Supplied data
----
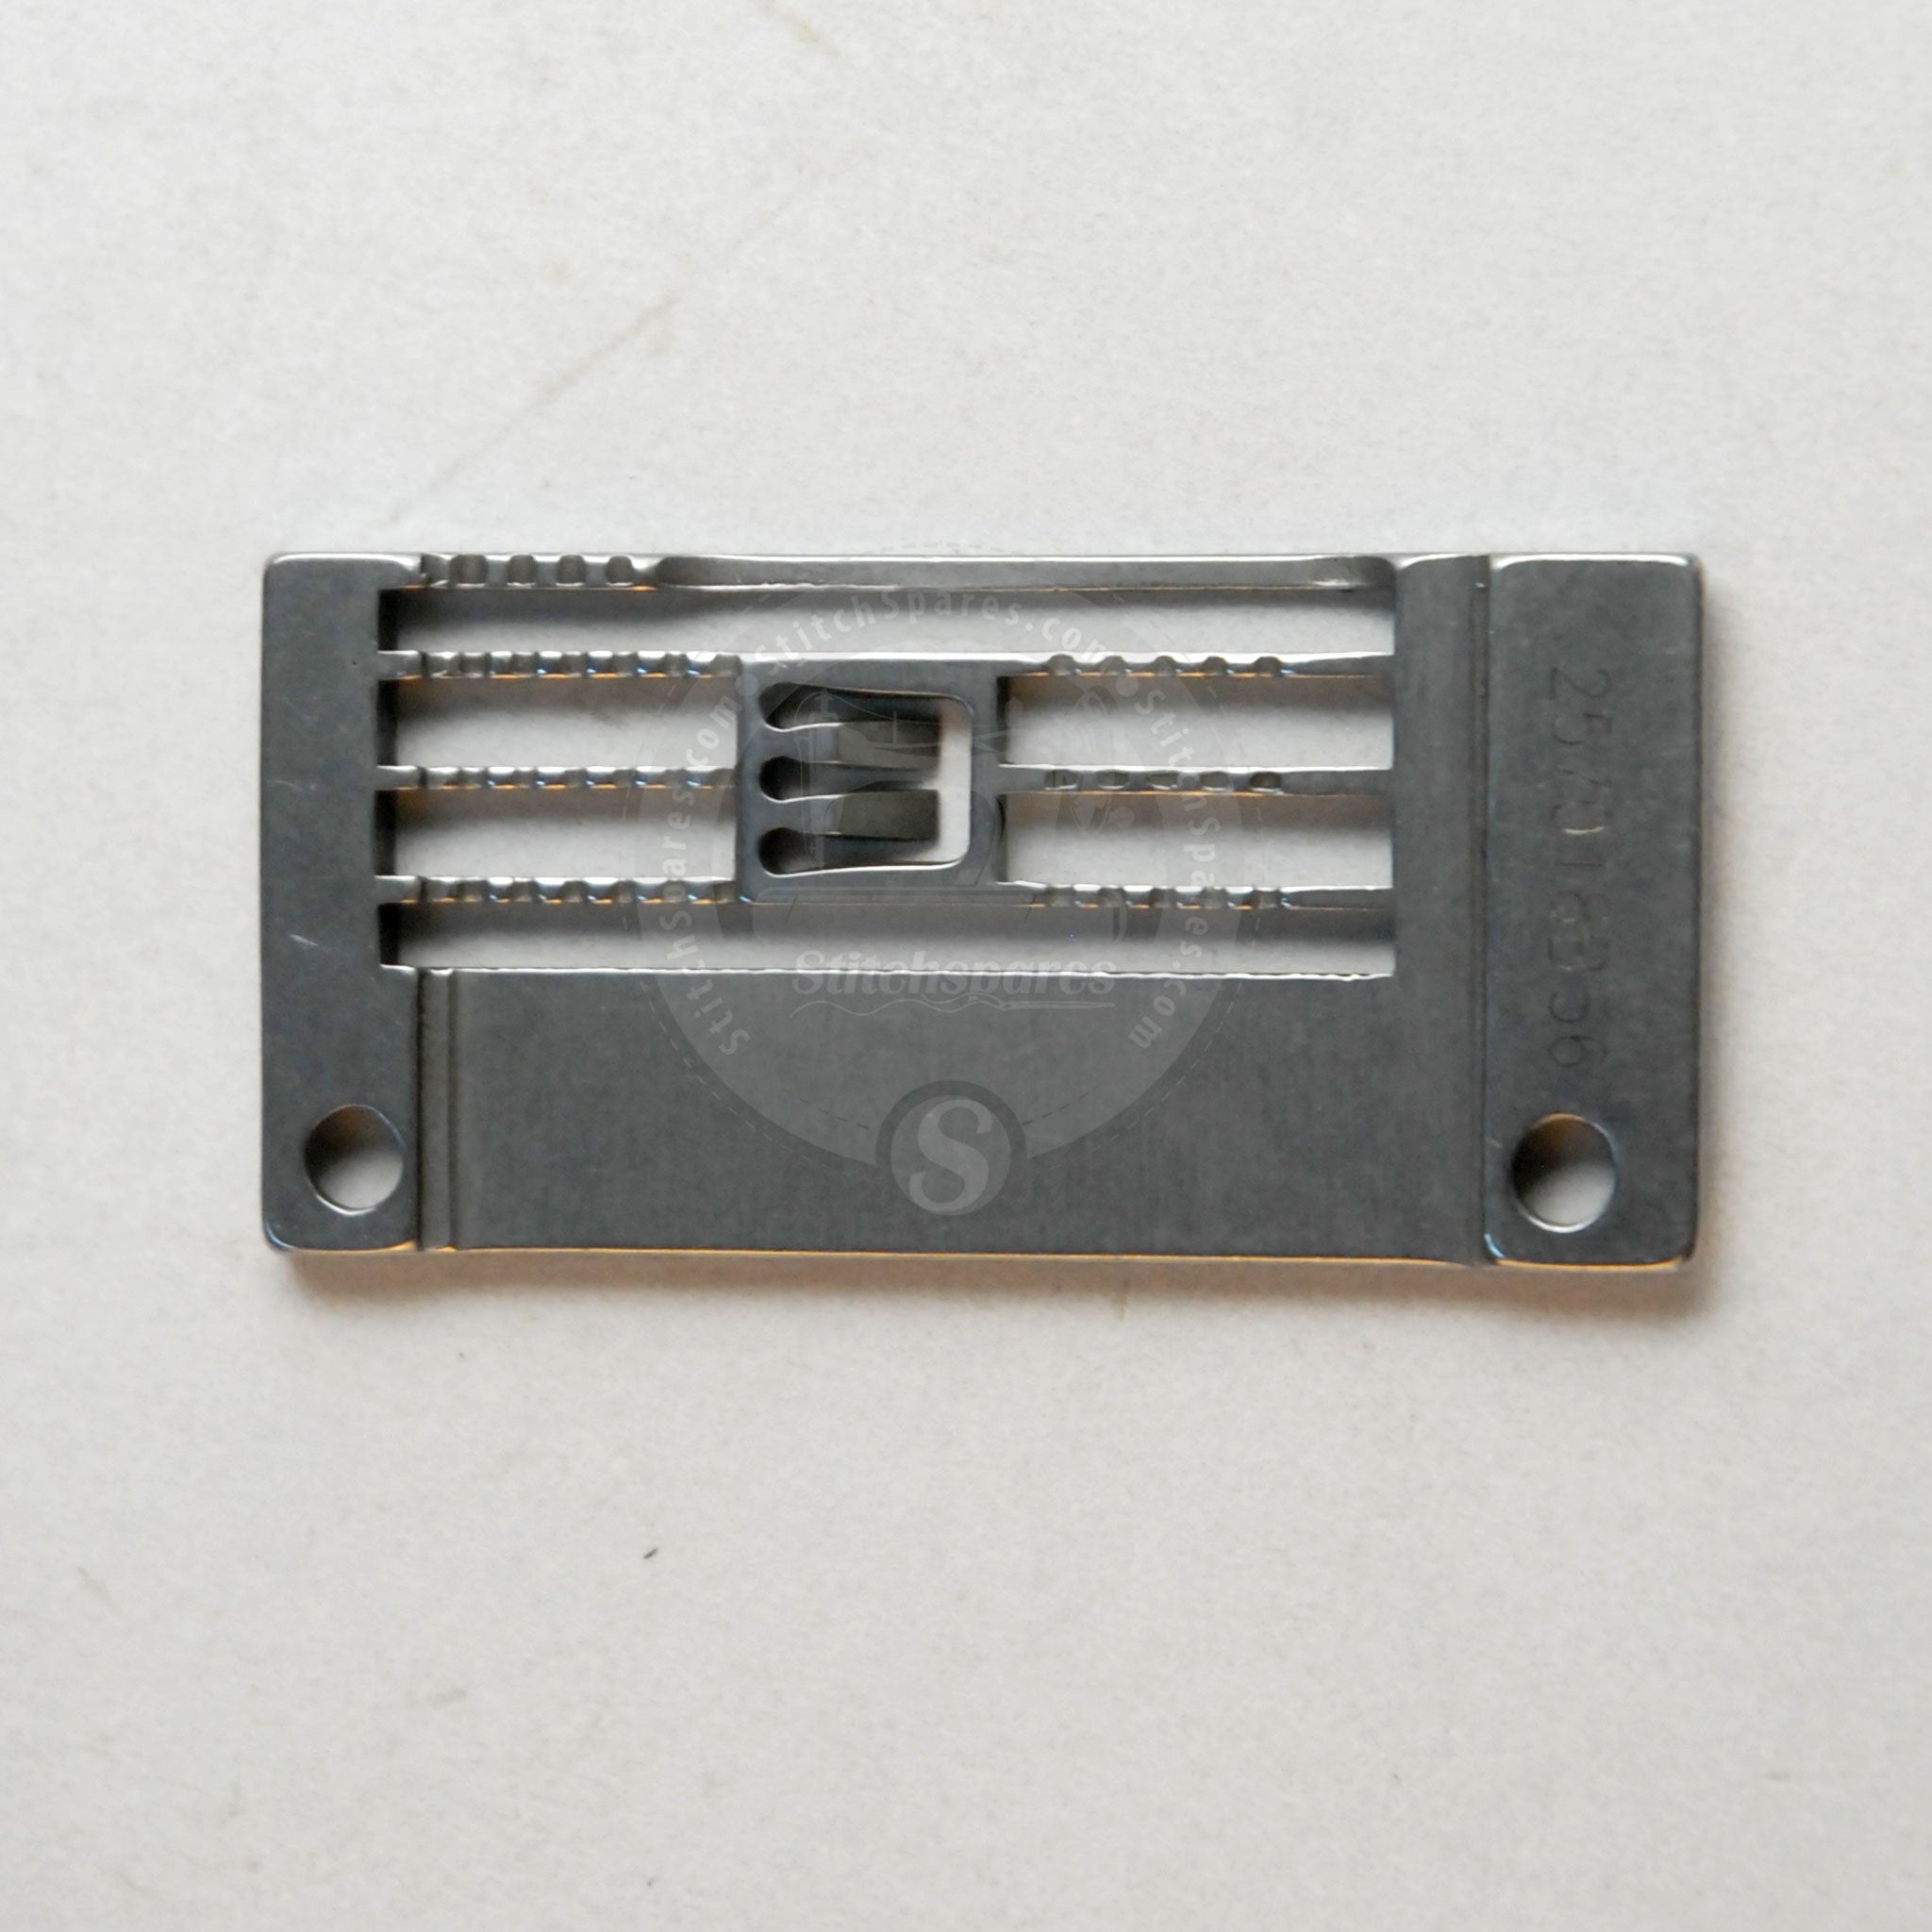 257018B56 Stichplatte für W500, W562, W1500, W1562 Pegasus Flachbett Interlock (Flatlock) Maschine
----
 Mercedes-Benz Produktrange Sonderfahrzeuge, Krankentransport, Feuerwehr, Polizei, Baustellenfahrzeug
----
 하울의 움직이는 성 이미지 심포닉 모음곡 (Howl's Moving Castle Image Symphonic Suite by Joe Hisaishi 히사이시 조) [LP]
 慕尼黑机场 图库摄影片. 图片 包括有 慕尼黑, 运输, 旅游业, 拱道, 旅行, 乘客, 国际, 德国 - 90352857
----
What is needed
Among the records above, extract exactly the lines from the line with "하울의 움직이는 성 이미지" to the line with "慕尼黑机场 图库摄影片. 图片", both lines included, and leave out the rest.

Answer to this task
 하울의 움직이는 성 이미지 심포닉 모음곡 (Howl's Moving Castle Image Symphonic Suite by Joe Hisaishi 히사이시 조) [LP]
 慕尼黑机场 图库摄影片. 图片 包括有 慕尼黑, 运输, 旅游业, 拱道, 旅行, 乘客, 国际, 德国 - 90352857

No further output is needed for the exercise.